The reply should hold only the lines below beginning at the one with "2023 bonne année." and ending at the one with "E I majnumret", copied exactly, with every picture left out.

++++ Material supplied ++++

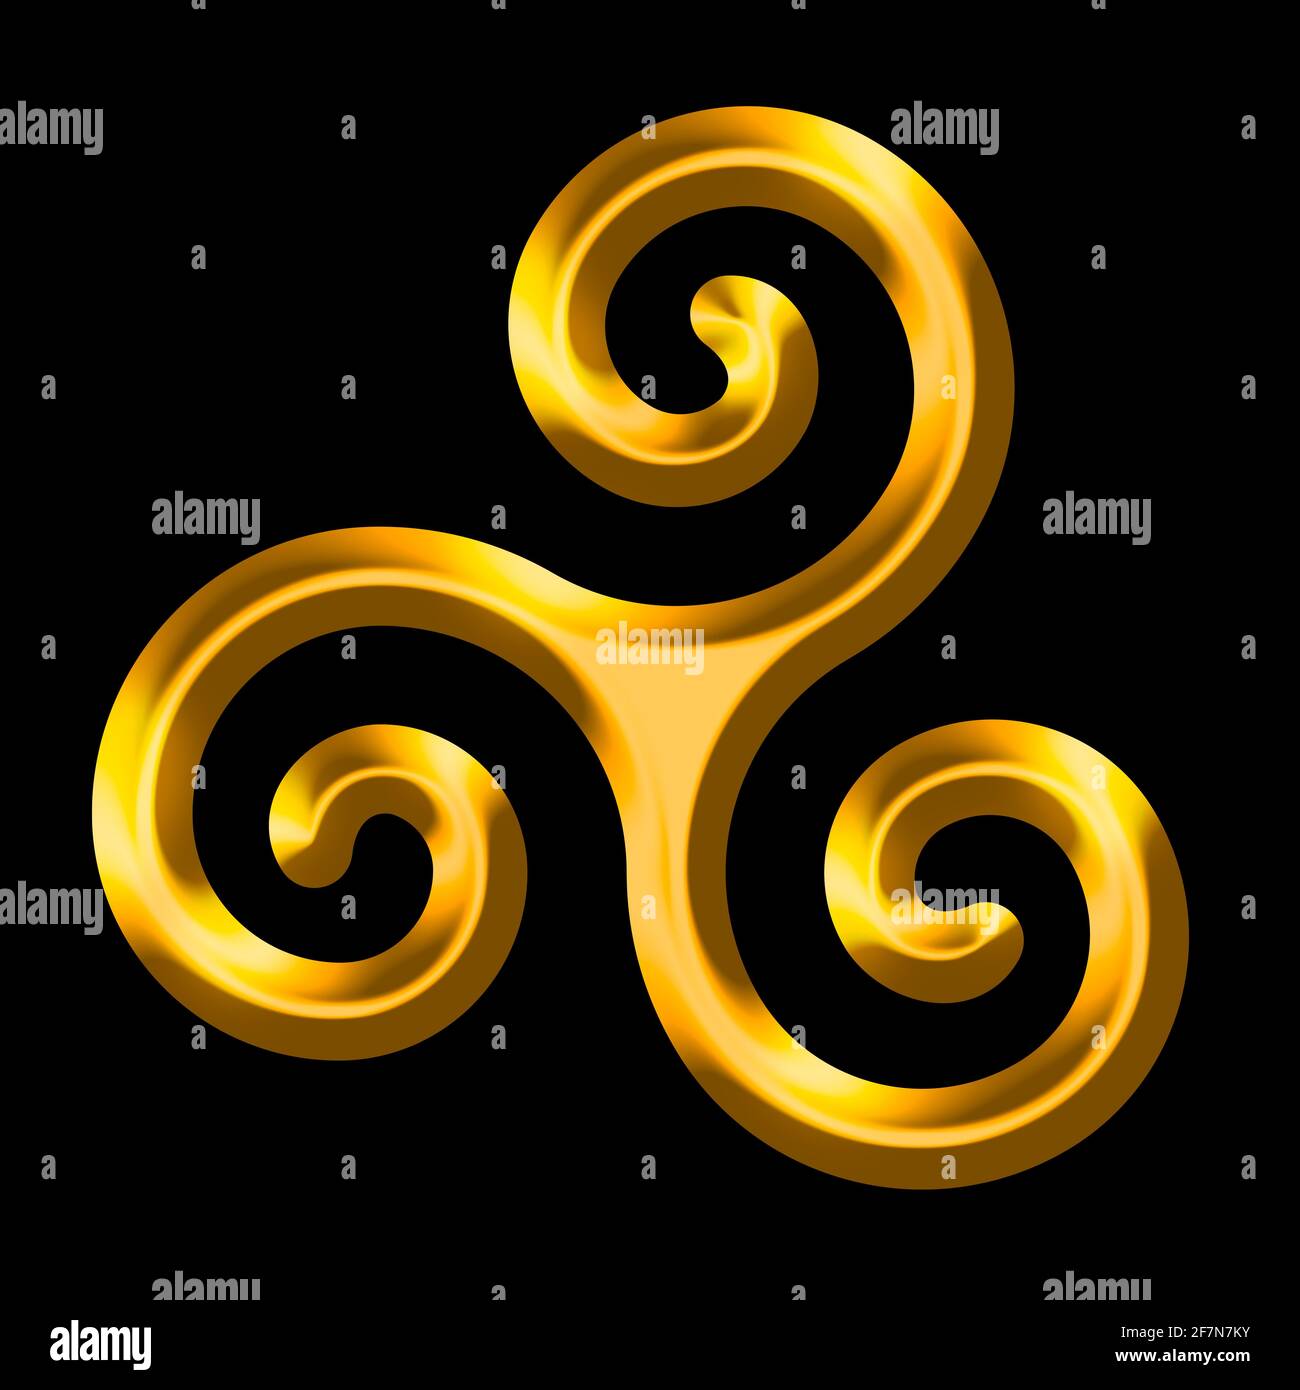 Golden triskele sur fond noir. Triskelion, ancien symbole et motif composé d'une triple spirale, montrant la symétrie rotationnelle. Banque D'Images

++++
++++ Material supplied ++++

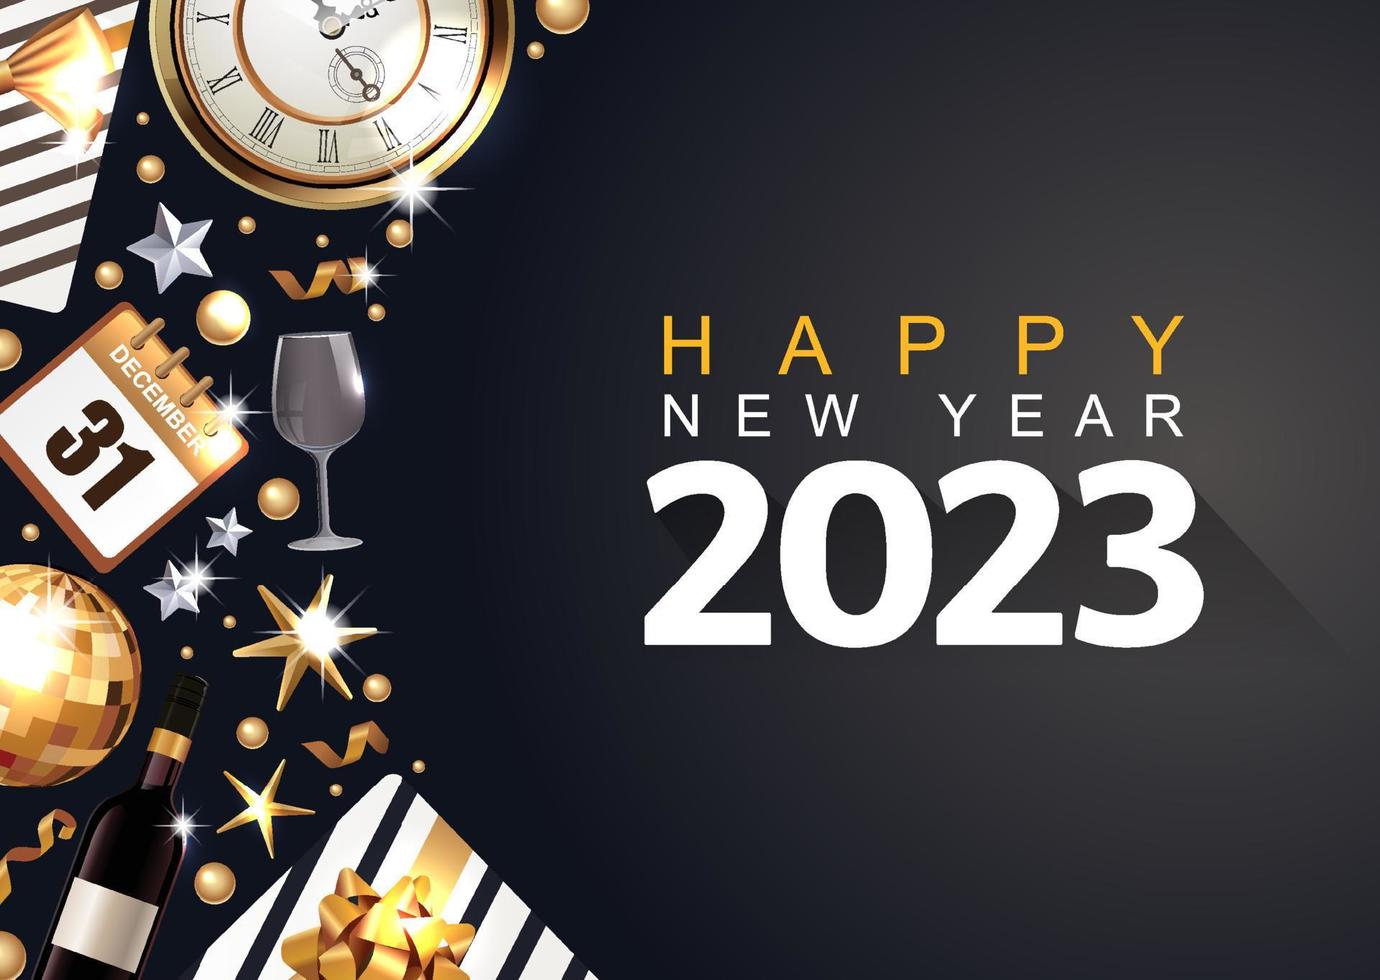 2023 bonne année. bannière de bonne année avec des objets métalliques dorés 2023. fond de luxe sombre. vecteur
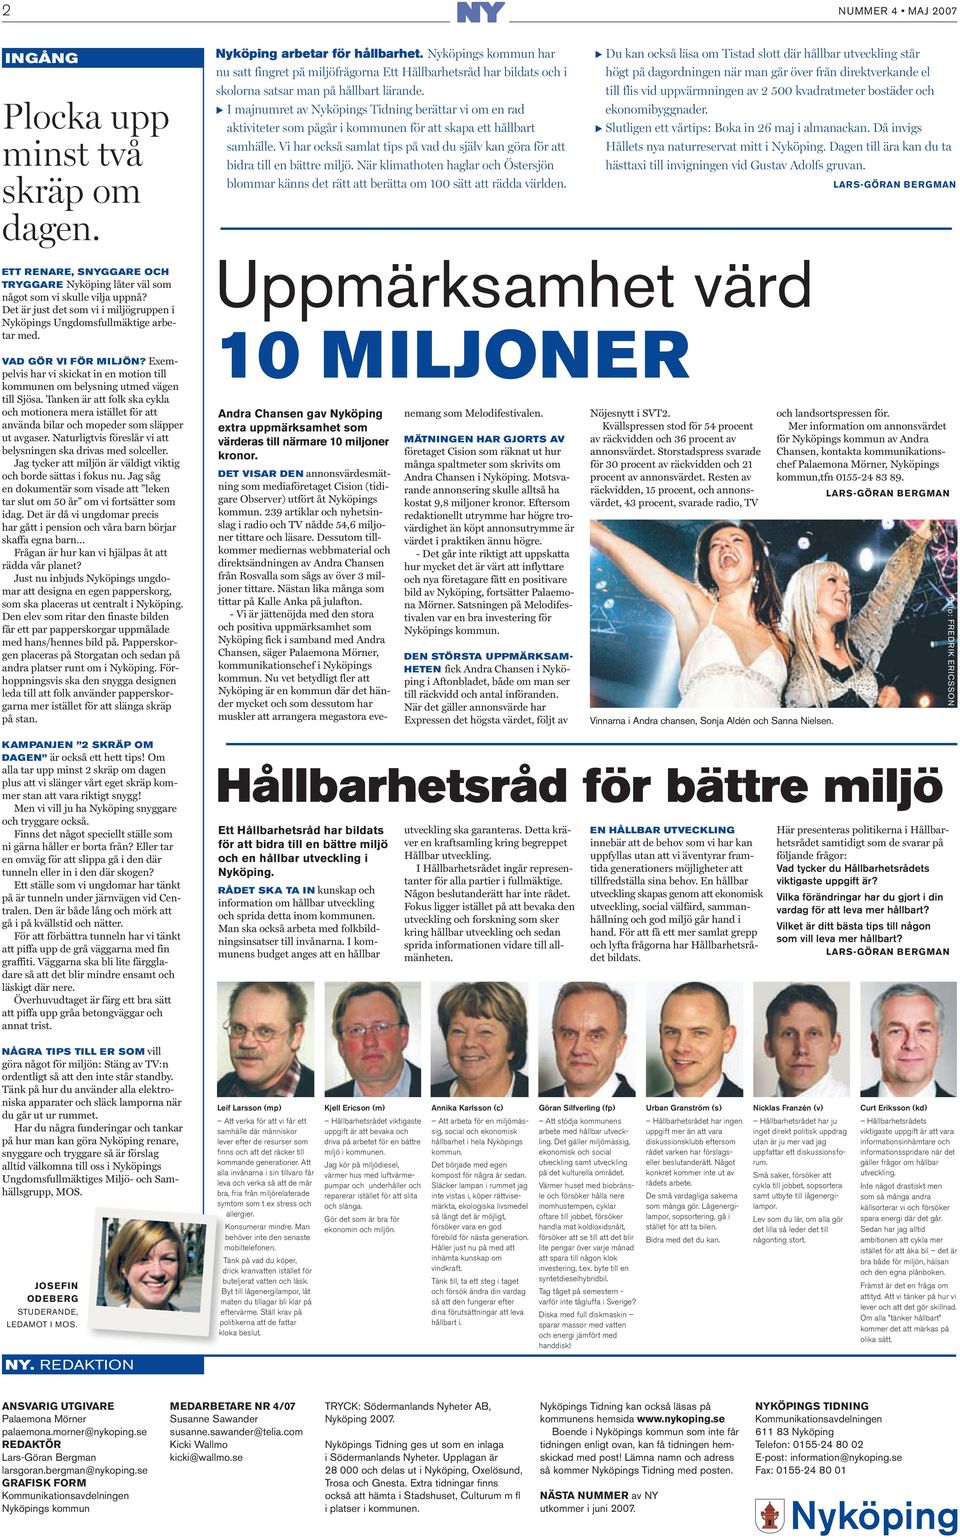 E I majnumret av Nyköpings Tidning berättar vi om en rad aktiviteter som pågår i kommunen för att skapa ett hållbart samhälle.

++++

- _Reply to the task_:
 2023 bonne année. bannière de bonne année avec des objets métalliques dorés 2023. fond de luxe sombre. vecteur
 E I majnumret av Nyköpings Tidning berättar vi om en rad aktiviteter som pågår i kommunen för att skapa ett hållbart samhälle.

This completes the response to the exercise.